HermiaDream · 17/04/2015 22:47

This reply has been deleted

Message deleted by MNHQ. Here's a link to our Talk Guidelines.

BackforGood · 17/04/2015 22:52

Tantrums are a normal part of toddler development. It does come as a bit of a surprise if they start before they are two! Grin, but be reassured the people who look are thinking "oh, I've been there, done that, got the T-shirt and am glad mine are past that stage now' - they are not 'judging' or criticising you Smile

Oh - and there's no reasoning with a toddler in a tantrum - just ignore them, and give all the fuss and attention when they don't tantrum.

Coyoacan · 18/04/2015 00:48

I think the main thing is to take it as the most natural thing in the world. I don't have any clever tricks to suggest but I do know that my dd's tantrums started to fall away when I stopped feeling like the worst mother in the world because of them.

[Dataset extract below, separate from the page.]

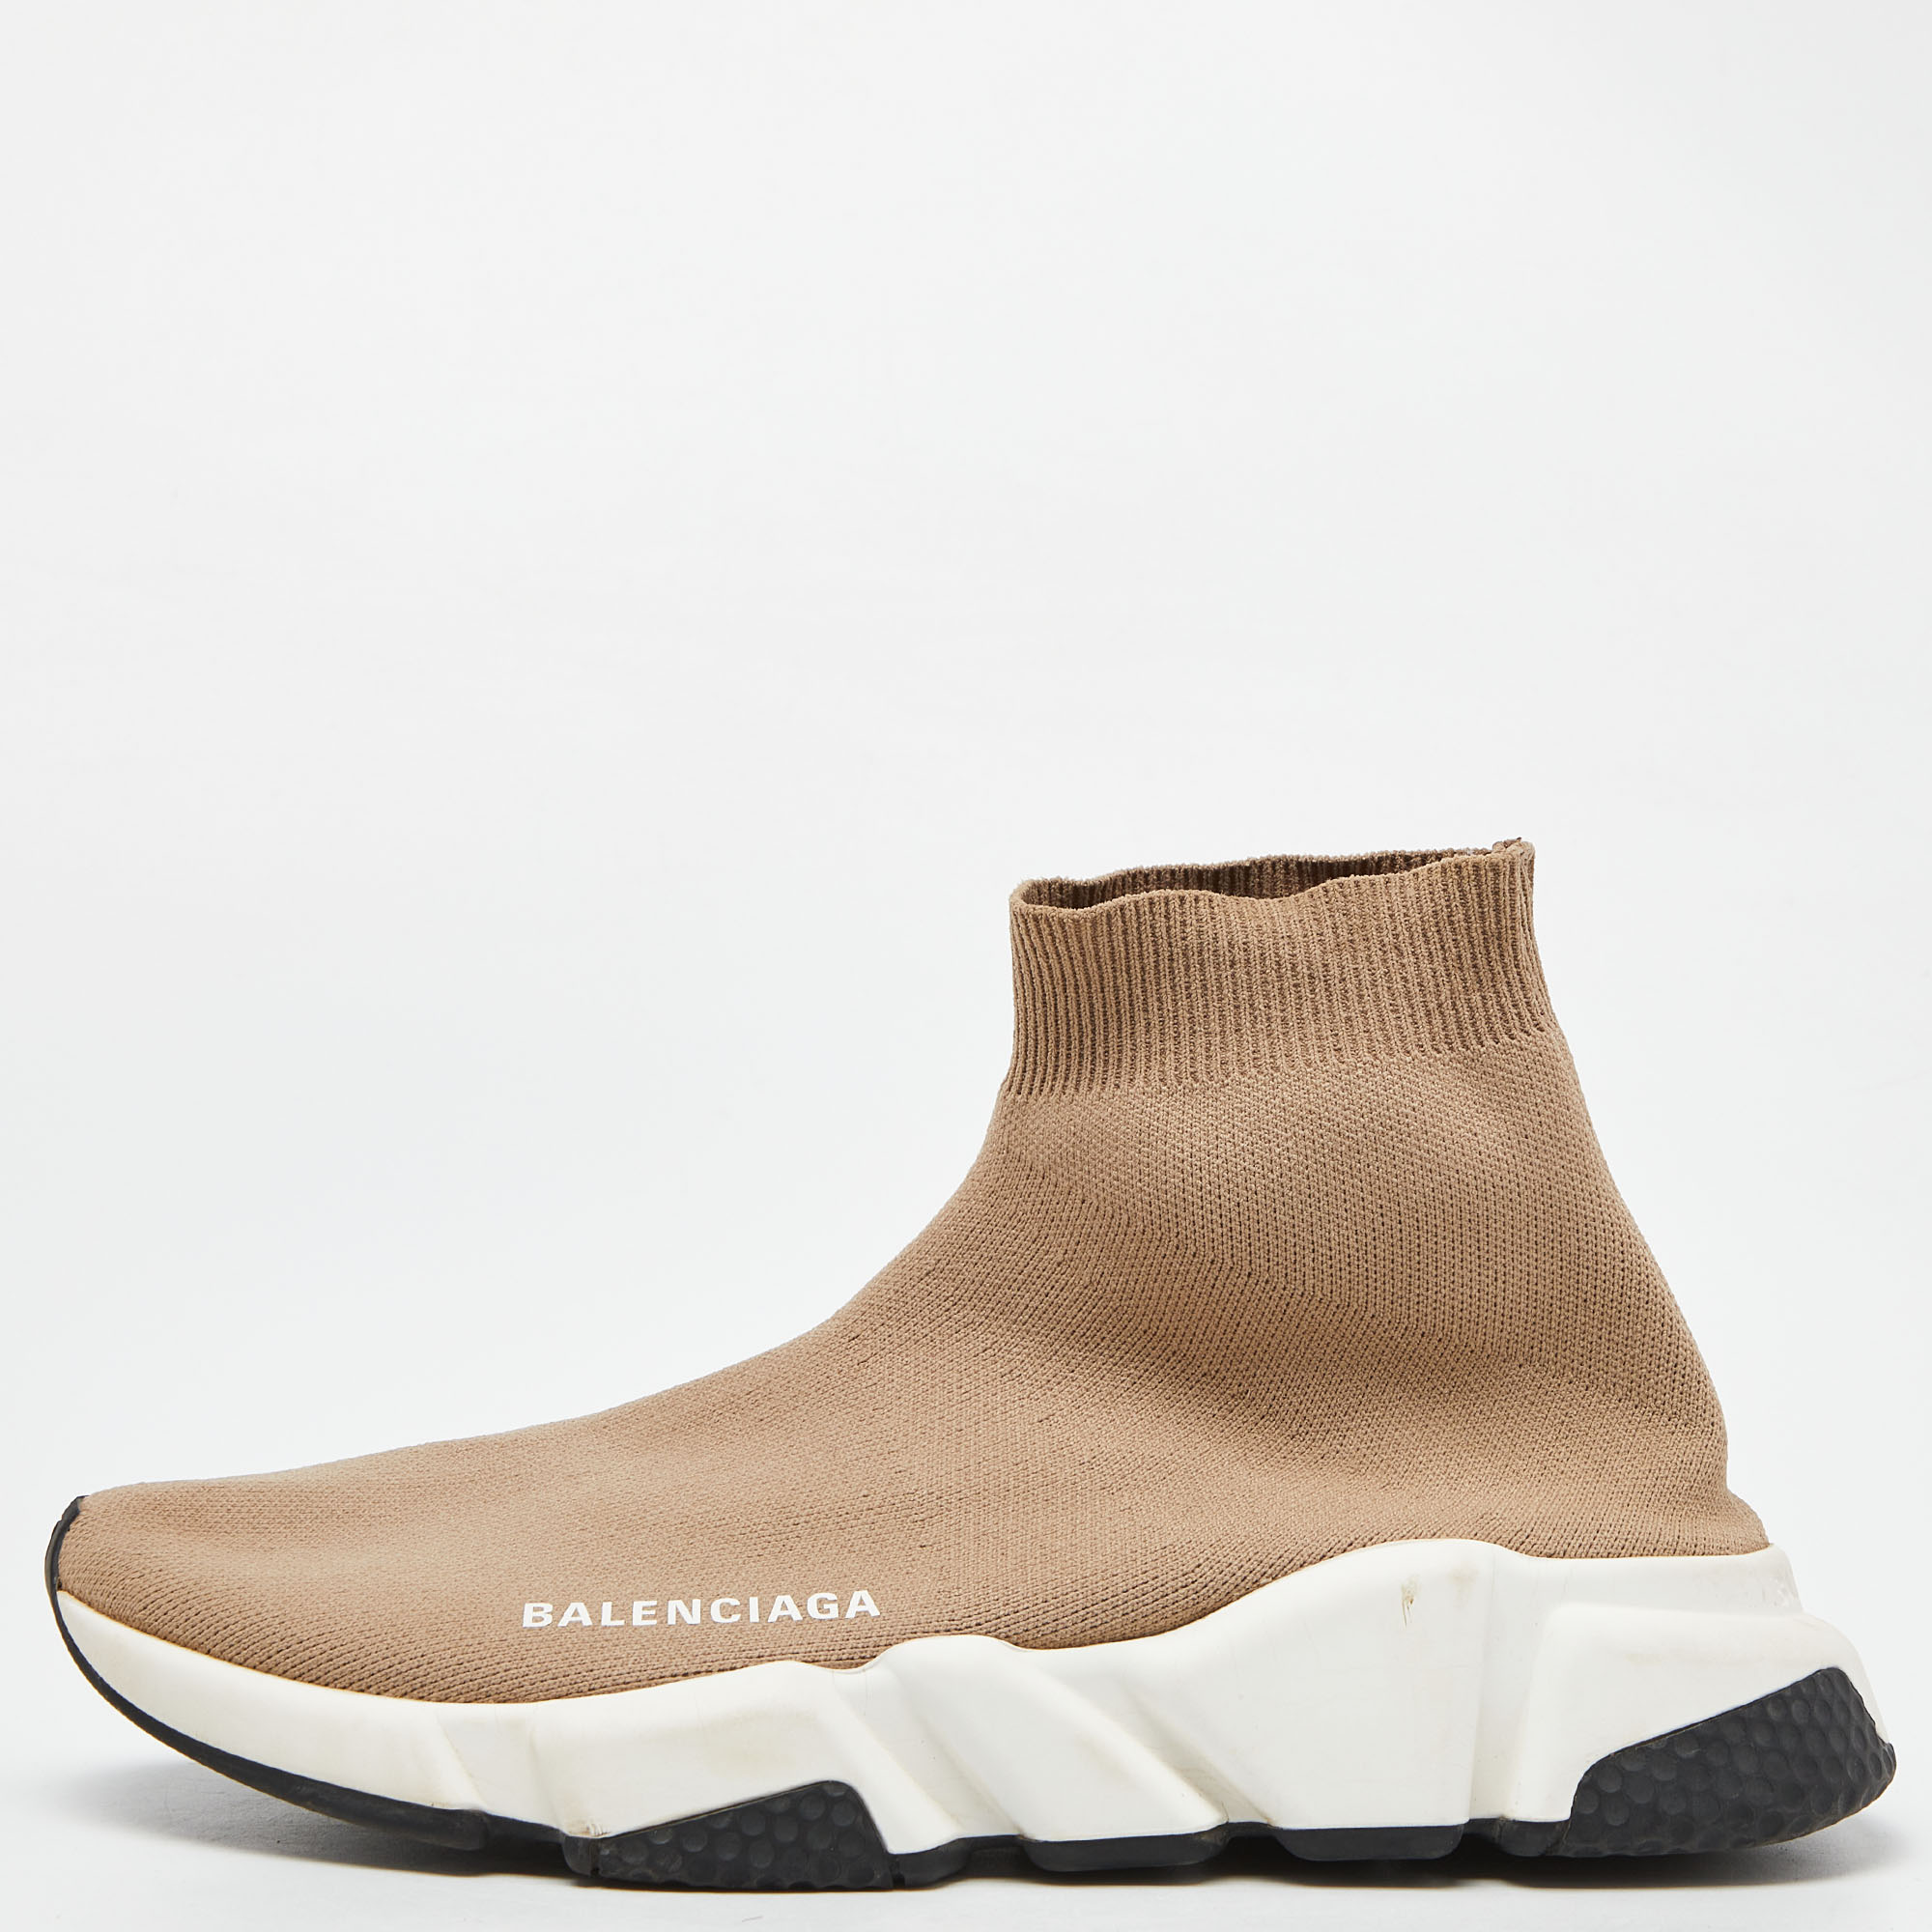 Balenciaga beige knit fabric speed trainer high-top sneakers size 38

Clobbered · 18/04/2015 01:17

Be kind to yourself. I found the 18 months to 3 years age-range the most challenging with all my kids. Tantrums are truly a force of nature and you can do almost nothing to soothe them other than sit it out and be ready with tissues/cuddles/reassurance when it's all over. Your son won't love you any less just because he's had a stormy half hour or so, and everyone recognises a toddler tantrum when they see one. Have a plan so that you know in advance how you will cope if one kicks off at a social occasion. Do you have a partner who can help you? If seeing your DS upset is getting you down, perhaps he/she or a trusted friend could take over for a while so that you don't have to deal with it on your own?
My DS used to have awful tantrums and we came the conclusion that there were times when he just got really angry and frustrated and he didn't really know why he felt that way, but the feelings would attach themselves to whatever situation he was in. Whatever options we offered him, nothing was right, he couldn't listen to any suggestions and just had to vent for a while.
You can't stop the tantrums happening, but you can stop yourself getting drawn in and feeling guilty about them because they are not your fault. Say to yourself "It's just a phase" and wait for it to pass. It will.
Good luck!

Playthegameout · 18/04/2015 09:56

Thanks everyone, I really appreciate it. Hermia that's a great idea about the dog pictures, will start today. Clobbered thank you for the reassurance. I have got a dh who is a really great dad. If ds does tantrum with him, he just scoops him up and blows raspberries till it's passed Smile. Dh will be there at the birthday party too so he will be a huge help. not much I will look at those books, I think I'll feel better if I've more strategies up my sleeve, then I won't feel as useless, even if what I do doesnt really help.